The access point settings are subsummarized under the top level internal object “./AP” that is directly associated with the root object “/”. That is, the object “./AP” is a child object of the root object “/”, and is a parent object corresponding to all access point (AP) setting values. Correspondingly, the drawn top level object “./AP” defines a fixed parent object with an instant identifier “./AP”. The fixed parent object “./AP” is associated with the runtime object <X ₁ > * arranged below the fixed parent object “./AP”. With this runtime object <X ₁ > *, one or more corresponding internal objects having dynamically assigned instant identifiers that are children of the corresponding internal parent object “./AP” can be derived. Disappear. Individual sets of information regarding individual access point settings are stored in one of the management trees under one of the runtime objects <X ₁ > *. The instant identifiers of these runtime objects <X ₁ > * preferably indicate the type of access point with which the individual access point settings are associated.

Each _{one of the} run-time objects <X ₁ > * is associated with a fixed object “Px”, a fixed object “NAPDef?”, A leaf object “ClientID?”, And a fixed object “BS?”. These objects are allowed to occur 0 times or once in the management tree arranged under the individual objects of the runtime object <X ₁ > *.

The fixed object “Px” is a parent object for one or more runtime objects <X ₂ > *, and the fixed object “NAPDef?” Is a parent object for one or more runtime objects <X ₃ > * The fixed object “BS?” Is a parent object for the runtime object <X ₄ > *. If the fixed object “Px” exists in the management tree, the fixed object “Px” has 0, 1 or more runtime objects <X ₂ > * with dynamically defined instant identifiers. Can do. Similarly, if the fixed object “NAPDef?” Exists in the management tree, the fixed object “NAPDef?” Can have zero, one, or two or more runtime objects <X ₃ > *. If BS? Is present in the management tree, the fixed object "BS?" Can have 0, 1 or more runtime objects <X ₄ > *. The further structure of the runtime objects <X ₂ > * and <X ₃ > * is omitted.

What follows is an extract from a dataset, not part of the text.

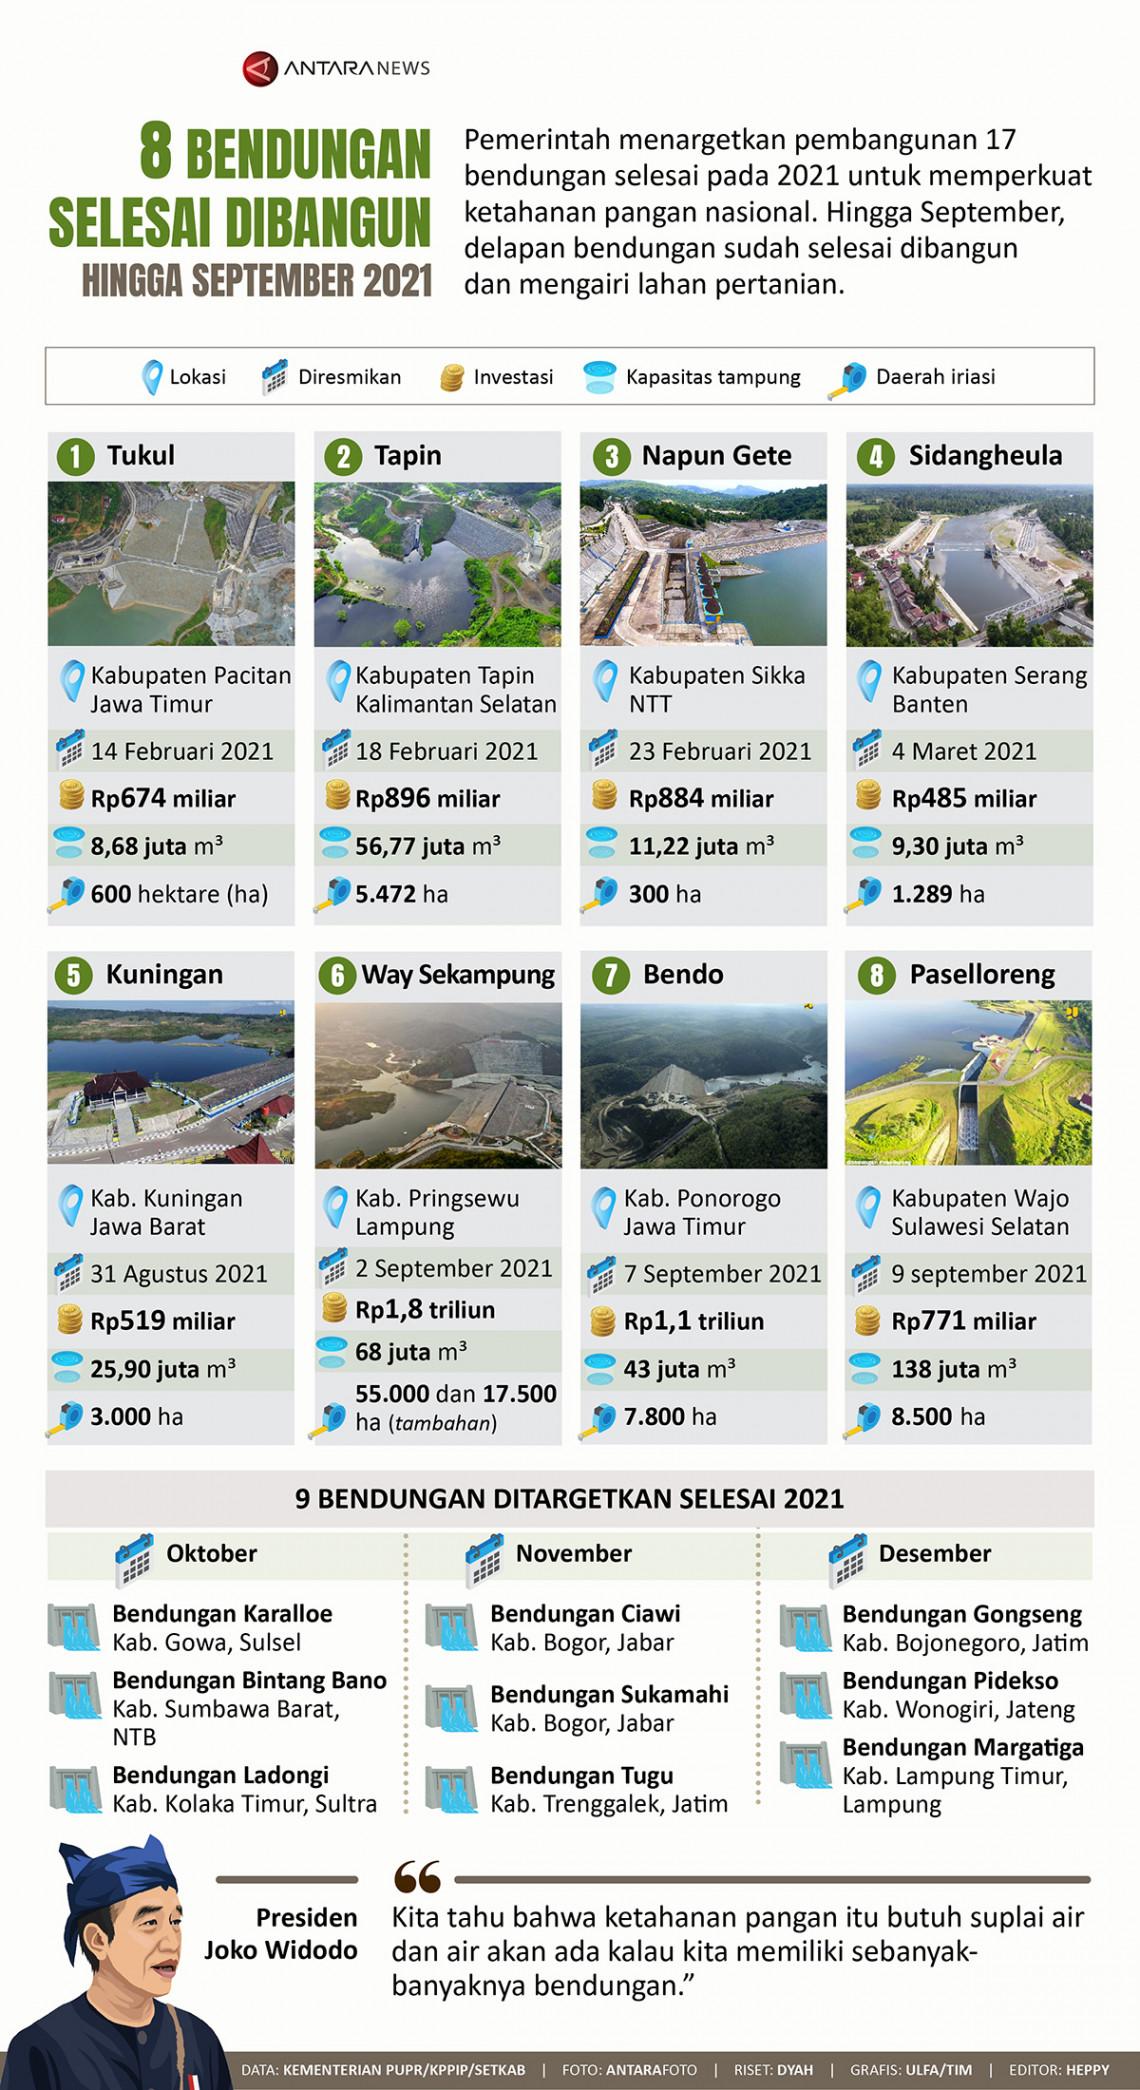 Delapan bendungan selesai dibangun hingga September 2021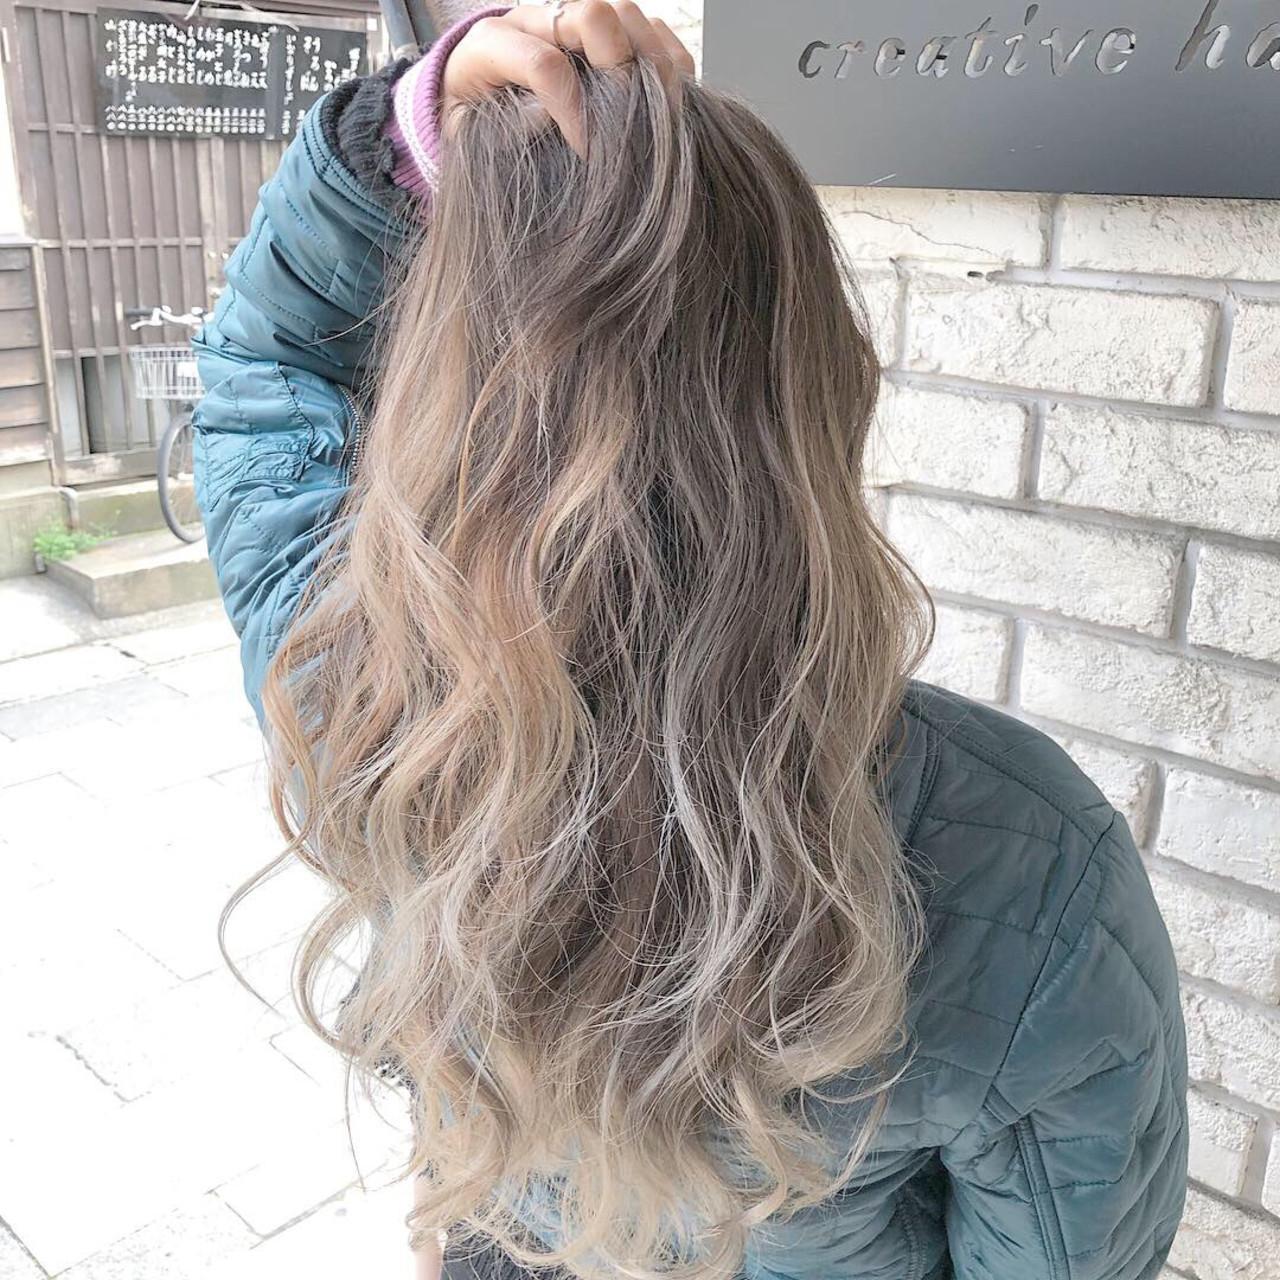 グラデーション ブリーチ エレガント ロング ヘアスタイルや髪型の写真・画像 | ヤマグチ ヒカル / Vida creative hair salon

The runtime object <X ₄ > * includes several child objects, for example, a leaf object “Name?”, A fixed parent object “Network?”, And a leaf object “Country?”.

Next, the fixed object “Network?” Is associated with one or more runtime objects <X ₅ > + arranged below the fixed object “Network?”. If there is a fixed object “Network?” According to the definition of the runtime object <X ₅ > +, at least one or two or more runtime objects <X ₅ > + are defined as fixed objects “Network?” As internal child objects. Associated.

  The runtime objects in the structure shown above are always separated by at least one fixed object, the continuous disposition of fixed objects is avoided, and the runtime objects are not different in format Can coexist as child objects of one (fixed / runtime object) parent object, and the above description implements the rules and regulations described above, respectively.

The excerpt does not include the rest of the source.